Birol: «La crescita della geotermia potrebbe generare investimenti per un valore di 1 trilione di dollari entro il 2035»
 |  Nuove energie

Nell’Era dell’elettricità che si sta aprendo non c’è spazio per i combustibili fossili ma, come mostra il nuovo rapporto pubblicato oggi dall’Agenzia internazionale dell’energia (Iea), c’è una fonte rinnovabile che ha tutte le carte in regola per risorgere dalle ceneri di gas e petrolio: la geotermia.

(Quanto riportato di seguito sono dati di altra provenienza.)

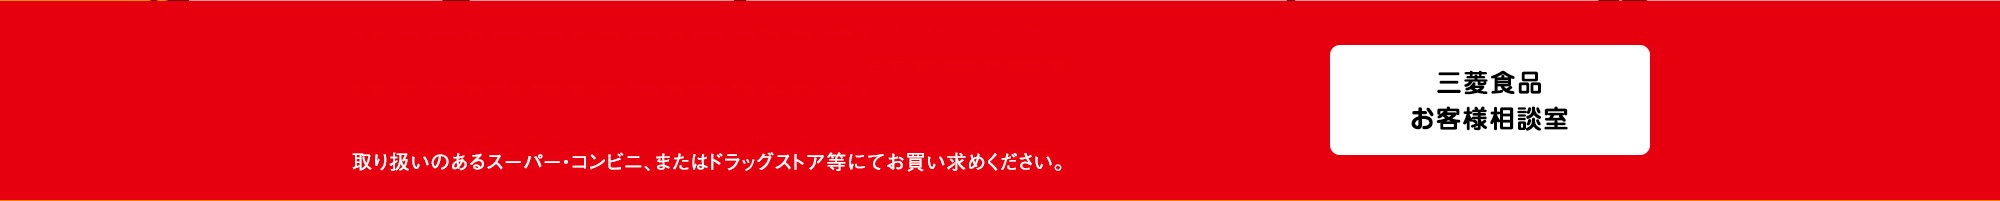 スッパイマン梅サワーは2020年6月30日より沖縄県先行発売、2020年8月25日全国発売

«Le nuove tecnologie stanno aprendo nuovi orizzonti per l'energia geotermica in tutto il mondo, offrendo la possibilità di soddisfare una parte significativa della domanda mondiale di elettricità in rapida crescita, in modo sicuro e pulito», spiega il direttore esecutivo della Iea, Fatih Birol.

Si tratta di una storia che inizia nel 1904 in Italia come ricorda la stessa Iea, quando nel 1904 a Larderello in Toscana vennero accese le prime 5 lampadine grazie al calore rinnovabile custodito nel sottosuolo. Oggi quella tradizione è portata avanti dall’attuale gestore delle centrali geotermoelettriche toscane, Enel green power, e potrebbe presto trovare nuovo slancio con l’atteso rinnovo delle concessioni minerarie che sta trattando la Regione Toscana. Ma dal 1904 a oggi la geotermia ne ha già fatta di strada.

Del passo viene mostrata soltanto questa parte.